Raw data:
*** Block opens ***

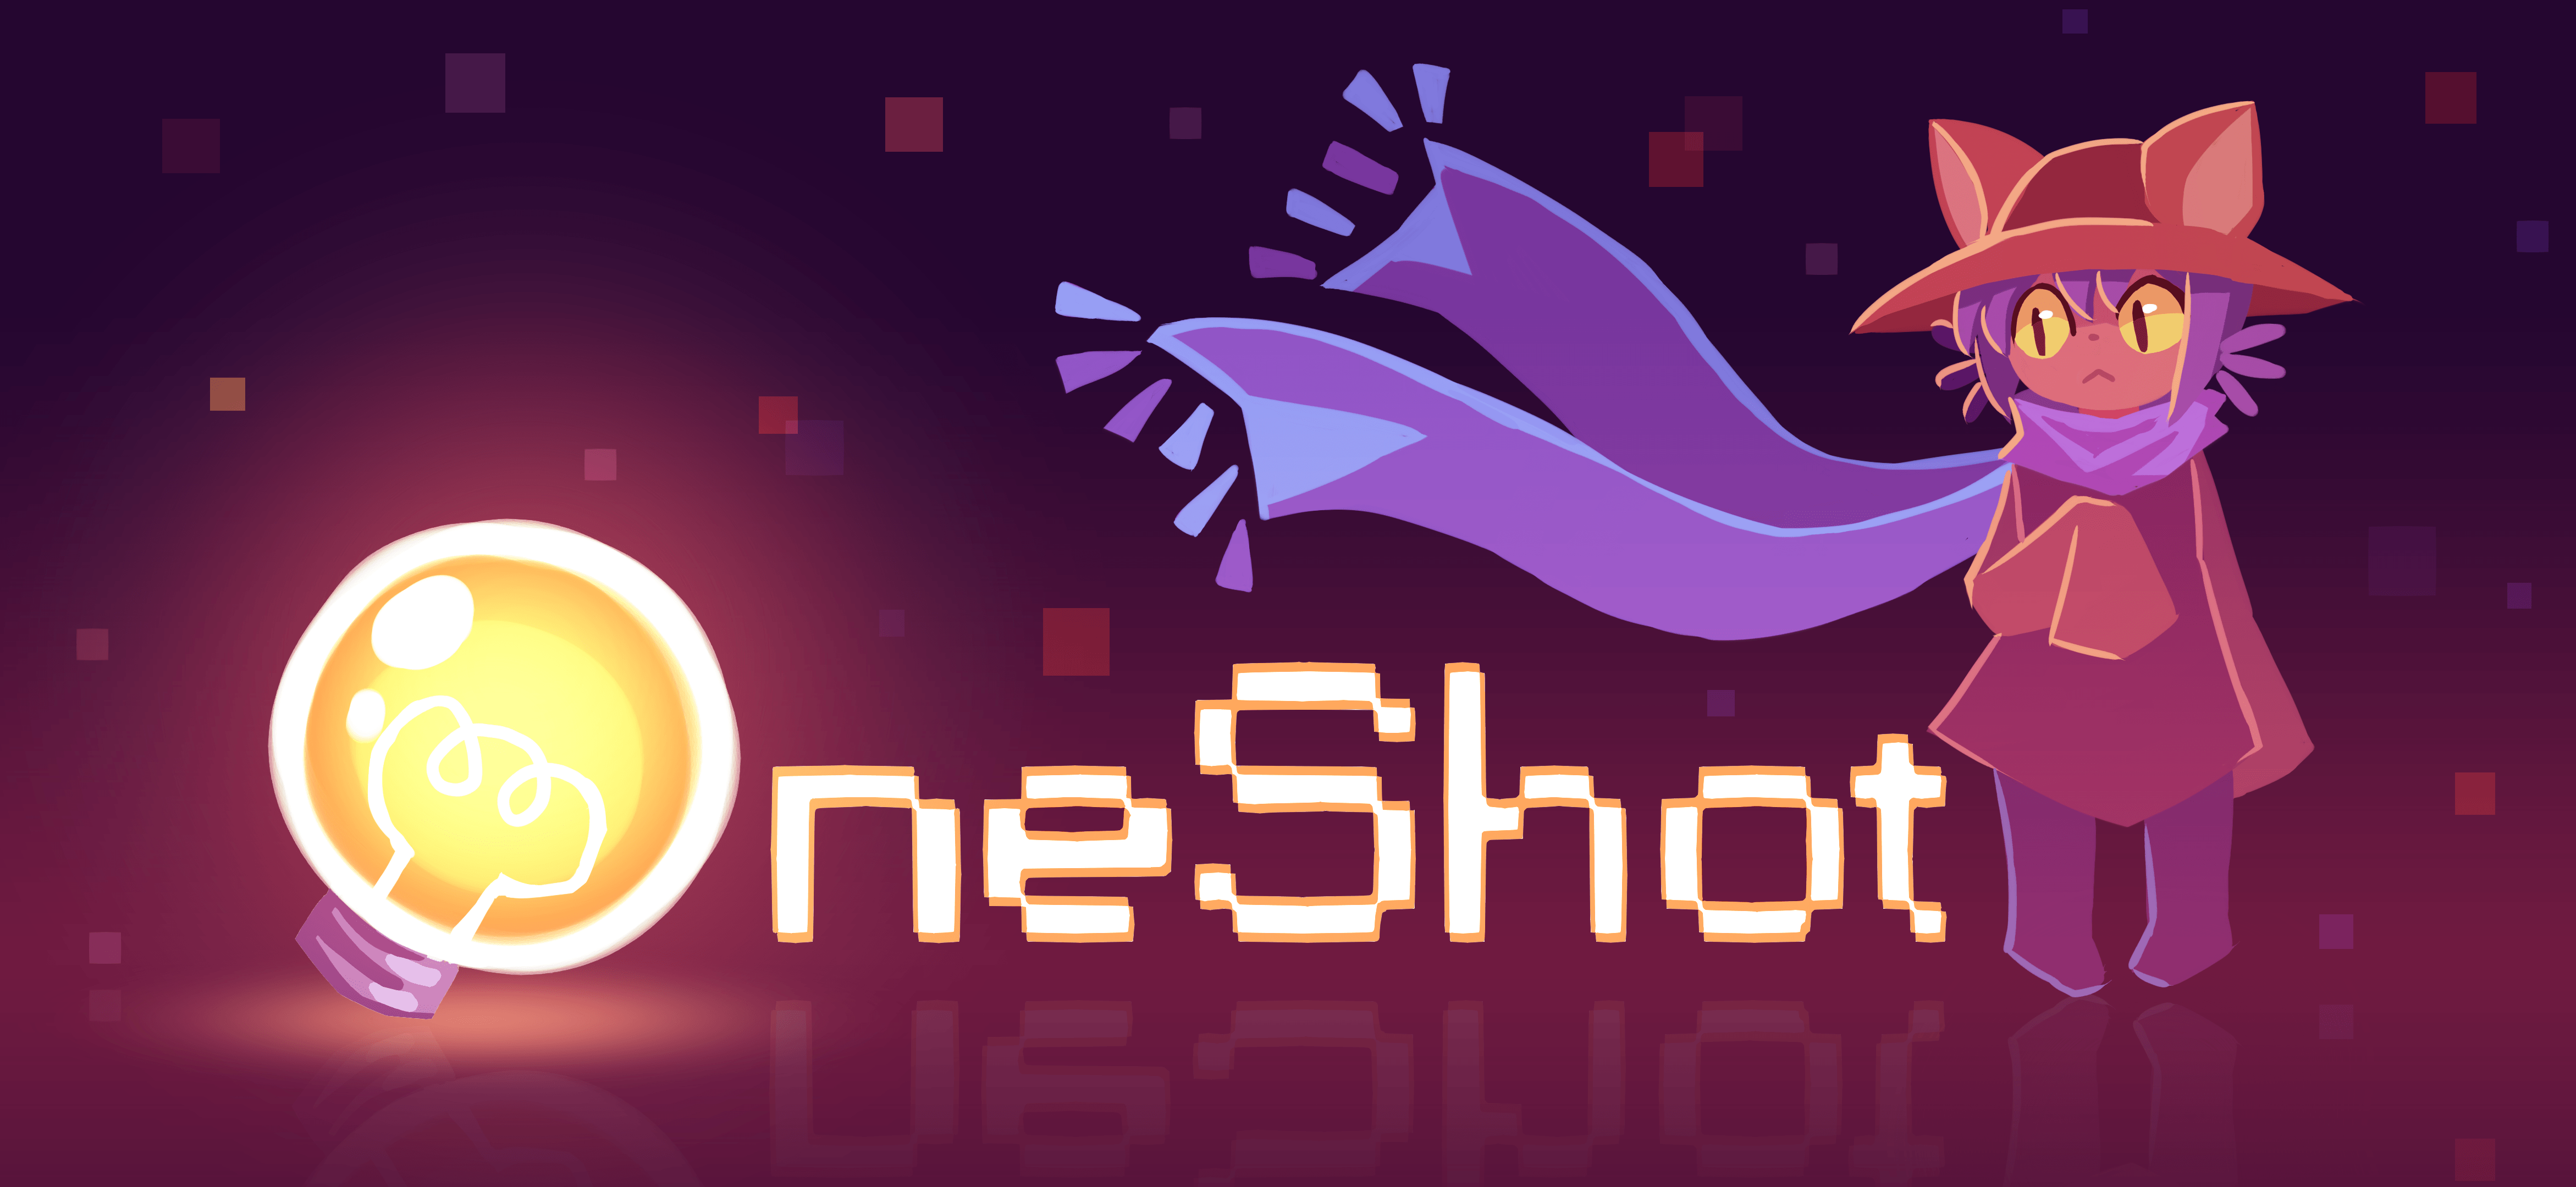 OneShot on Steam
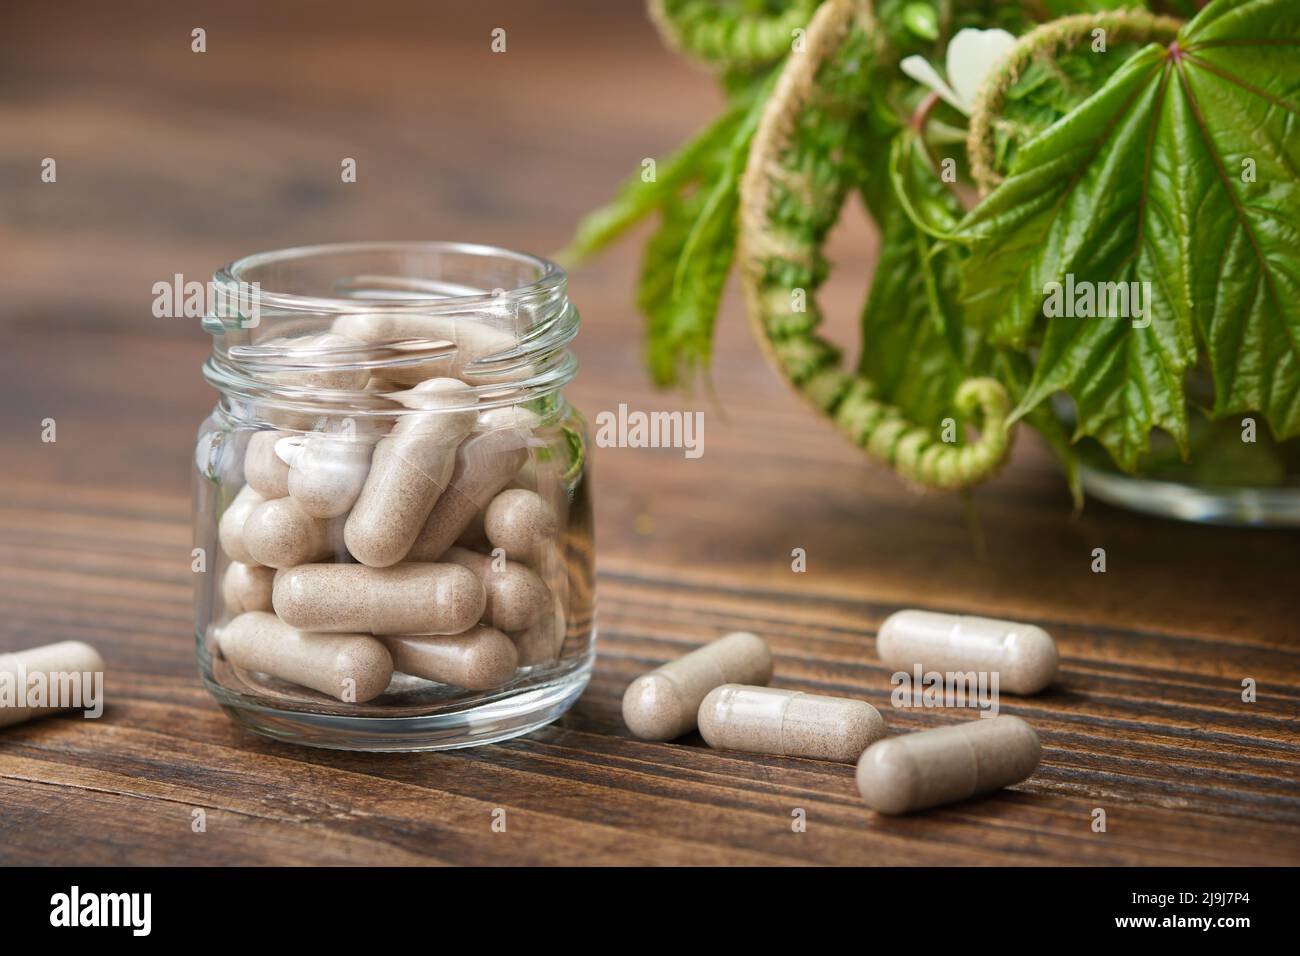 Píldoras herbarias, tarro de tabletas naturales. Hierbas medicinales curativas en el fondo. Foto de stock
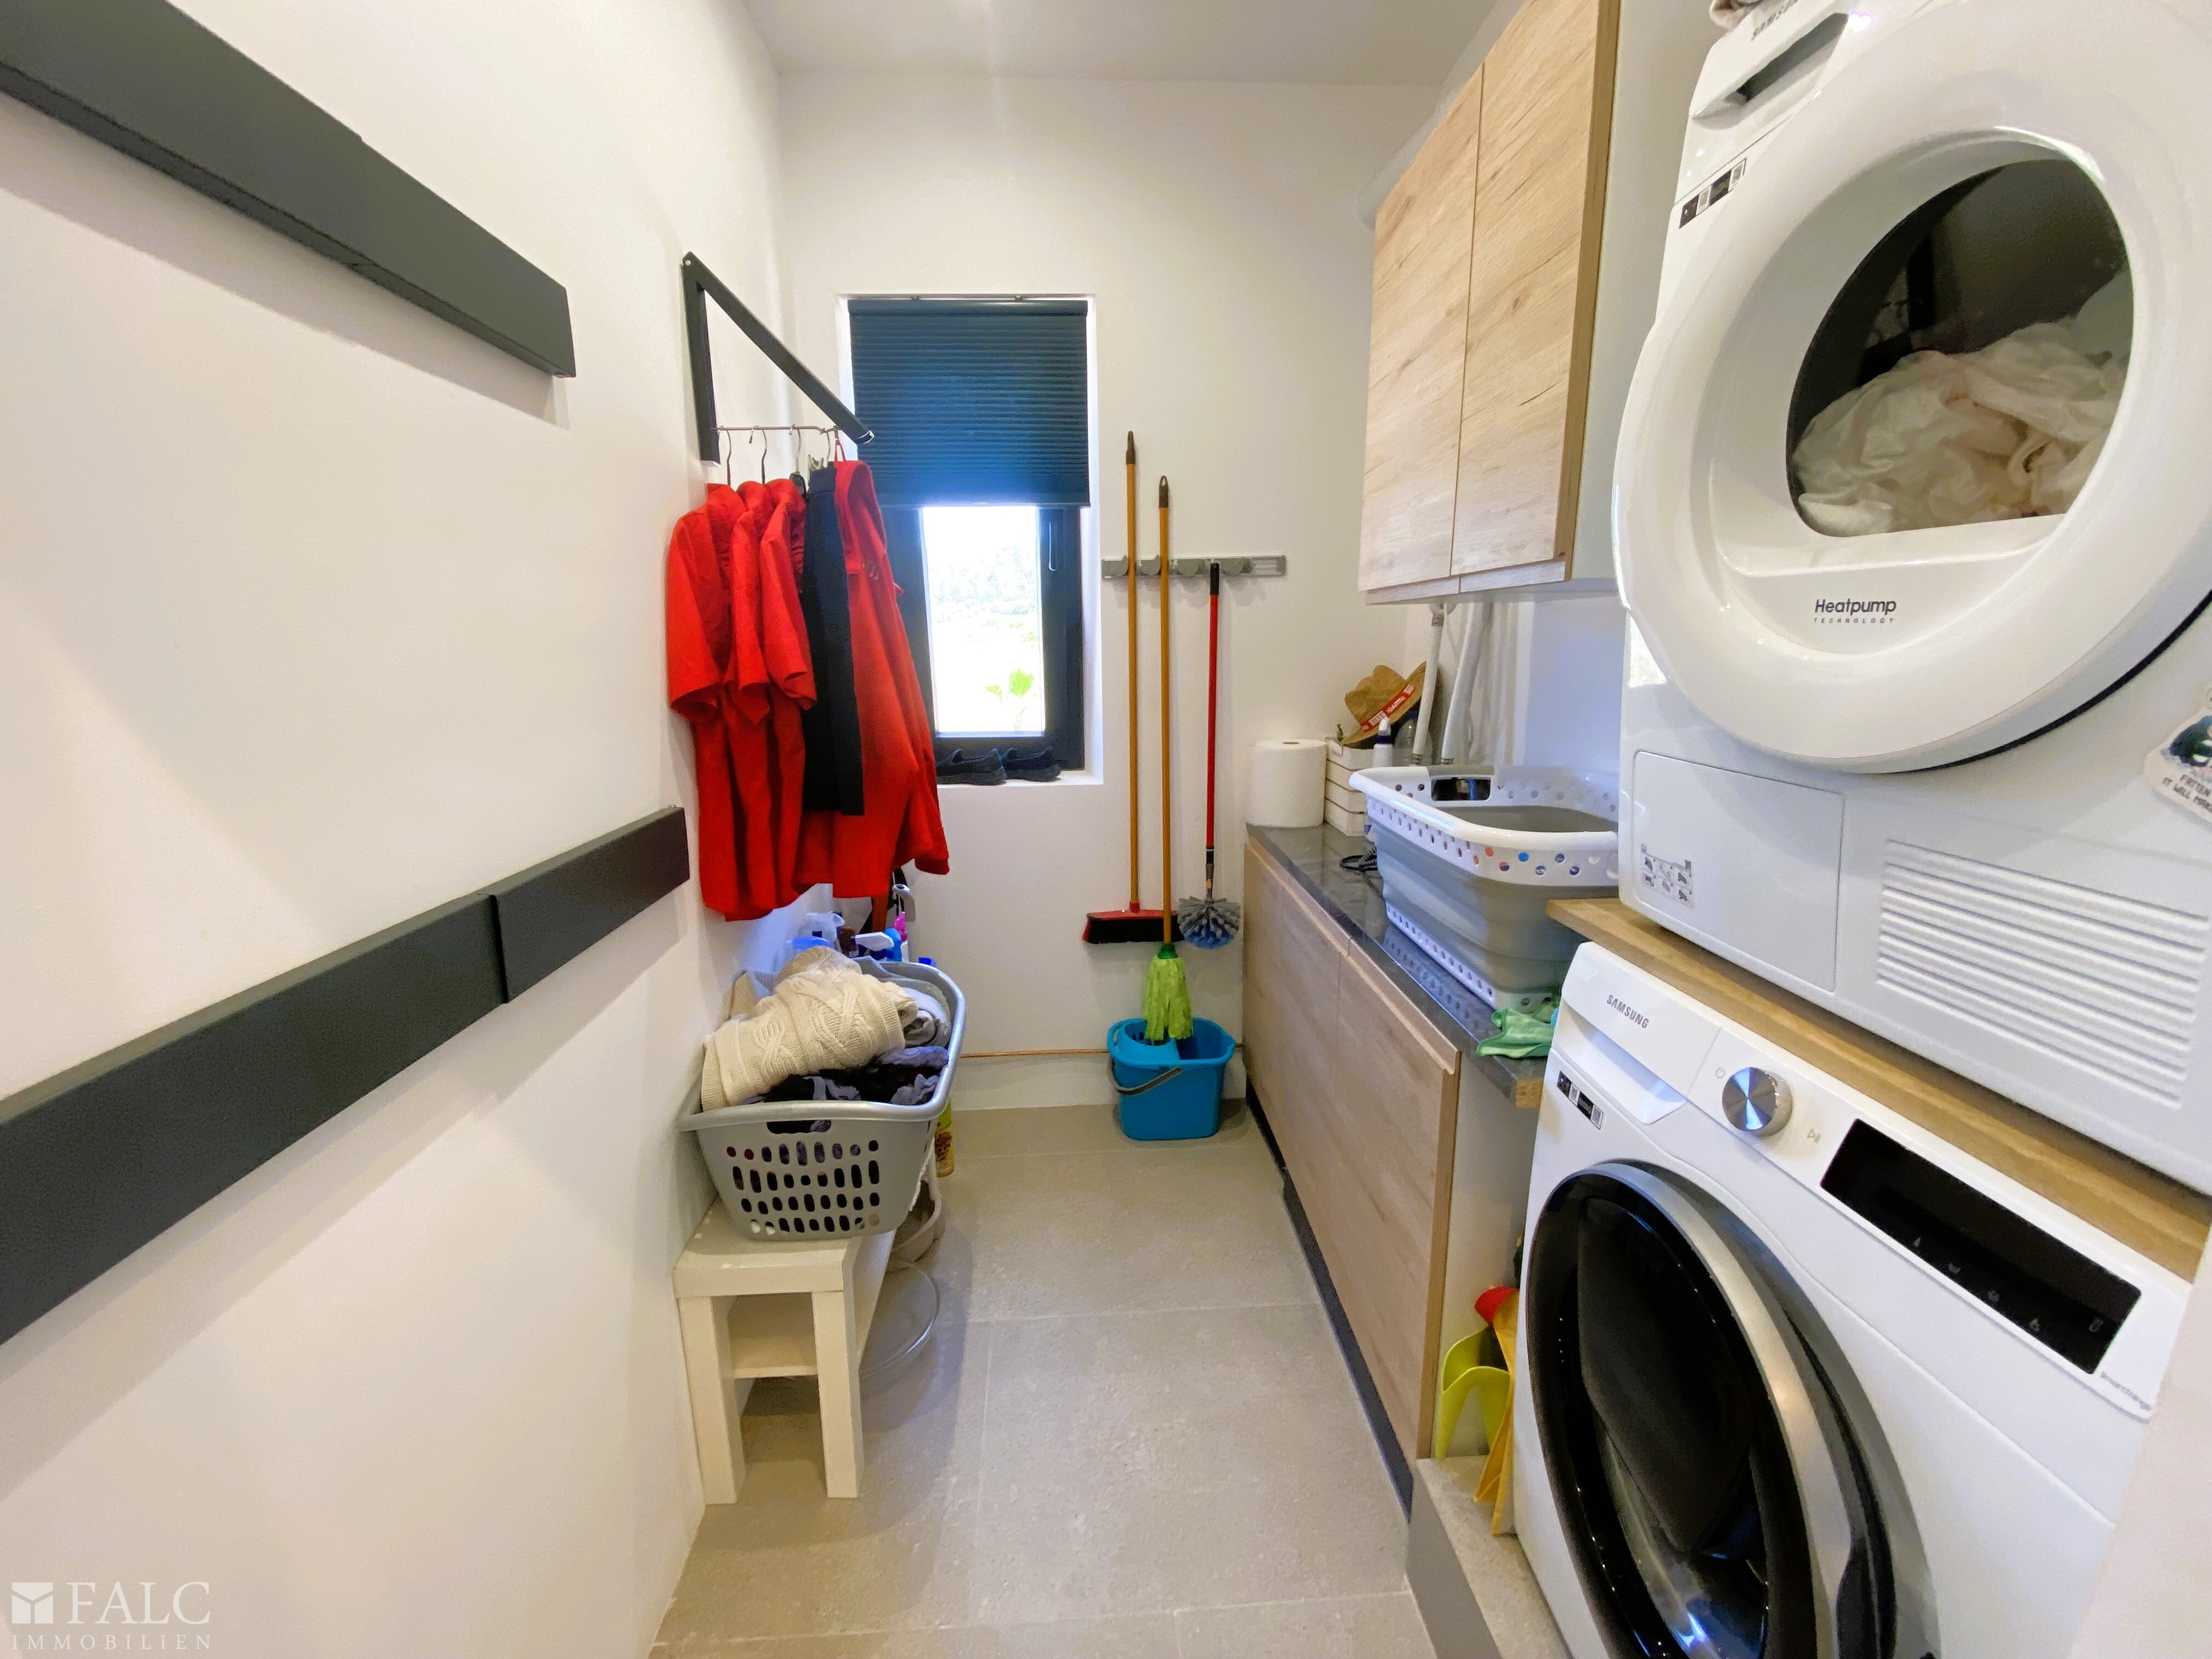 Waschküche - Utility room

*** Block closes ***

To do: The reply must consist of the complete listing, reproduced exactly, with no images.

Answer space:
 OneShot on Steam
 Píldoras herbarias, tarro de tabletas naturales. Hierbas medicinales curativas en el fondo. Foto de stock
 Waschküche - Utility room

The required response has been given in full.